Monday, December 8, 2008

I'm currently taking a few pre-requisite courses in order to apply to a graduate physical therapy program at the UW next fall. Since I'm a special student, I don't have priority registration and the two sections of the course I need to take are full. My personality tends to list to the worrying side and most of the day Friday I was unable to accomplish as much because I was so busy fretting about this class.

It happens to be Fast Sunday weekend. I made this the object of my fast. Almost immediately I stopped worrying about it. What a relief and a blessing!

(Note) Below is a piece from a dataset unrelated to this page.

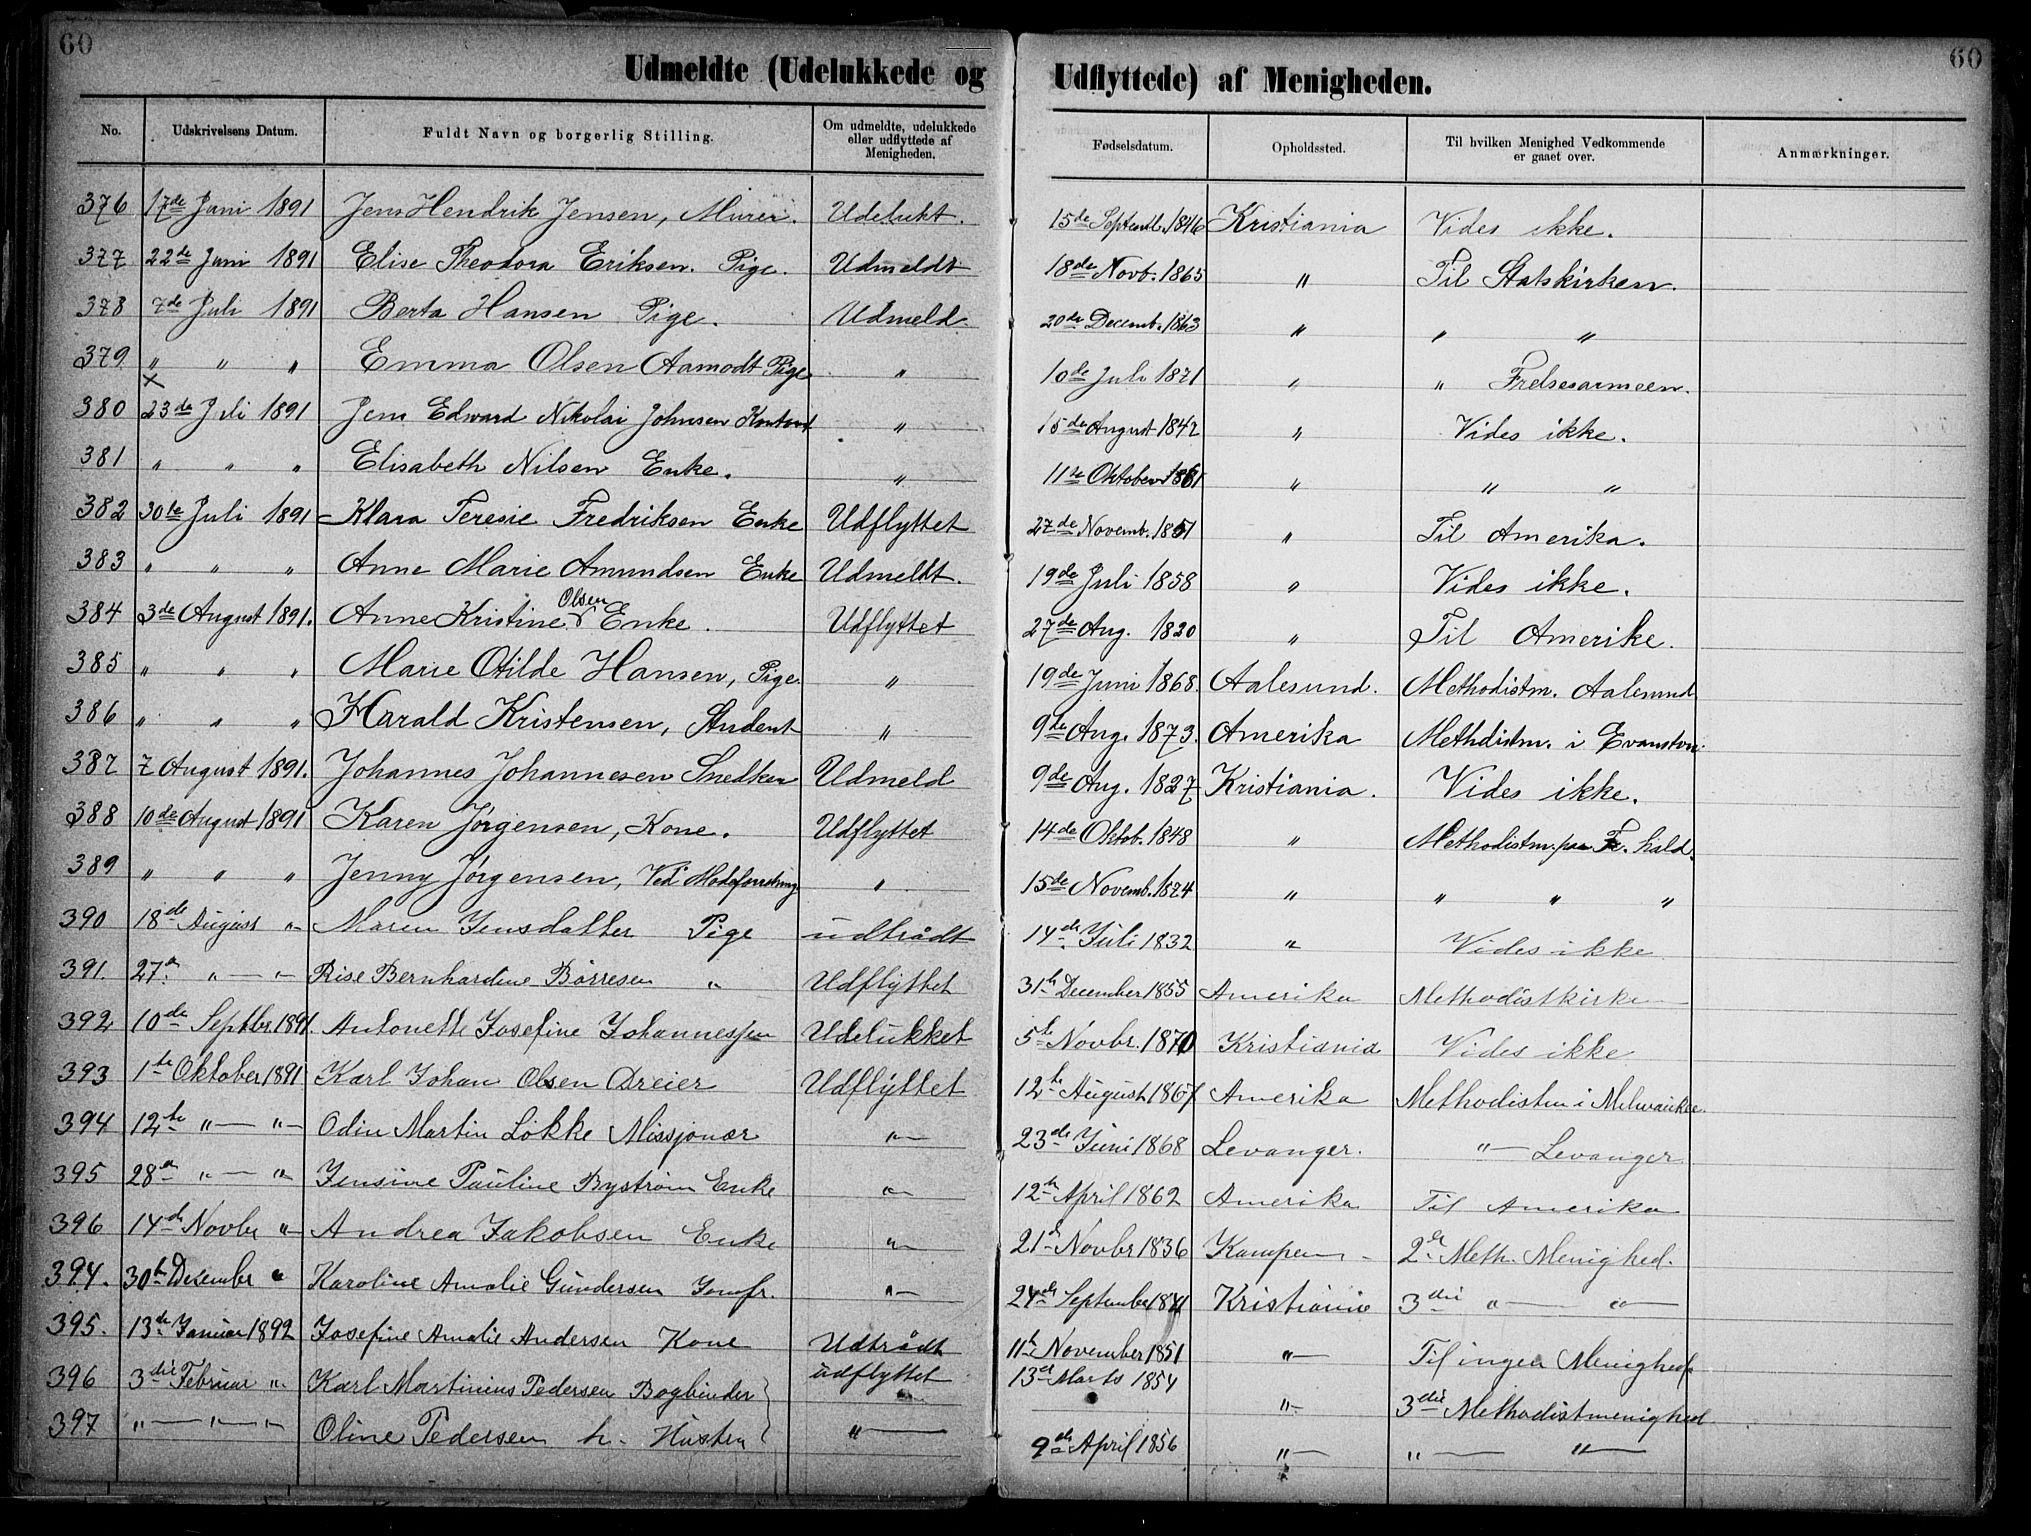 SAO, Første Metodistkirke Oslo -  menighetsprotokoller, F/L0002: Dissenterprotokoll nr. 2, 1883-1892, s. 60

Then, in Sunday School class, one of the scriptures we had to look up was 1 Nephi 17:13 "And I will also be your light in the wilderness; and I will prepare the way before you, if it so be that ye shall keep my commandments; wherefore ye shall be led towards the promised land; and ye shall know that it is by me that ye are led." And when I read that, I just felt like the Lord was telling me it would all work out okay. He'd help me out and I'd know that he was helping me out.

When I went to look that scripture up this morning for a little reassurance, I accidently opened my Book of Mormon to 1 Nephi 18 where I had previously scribbled in the margin, commenting on Nephi's brothers liking the looks of the ship they had built. The verse is 18:4, "And it came to pass that after I had finished the ship, according to the word of the Lord, my brethren beheld that it was good, and that the workmanship thereof was exceedingly fine; wherefore, they did humble themselves again before the Lord. This is what I had written: "humble because of good work accomplished that they didn't think was possible at the outset."

This was so timely for me because I have just been wondering if I can possibly complete this ambitious and rigorous program (assuming I even get in) and it was just one more reminder--God telling me in his own words that He is who He is, and He will help and it will be all right.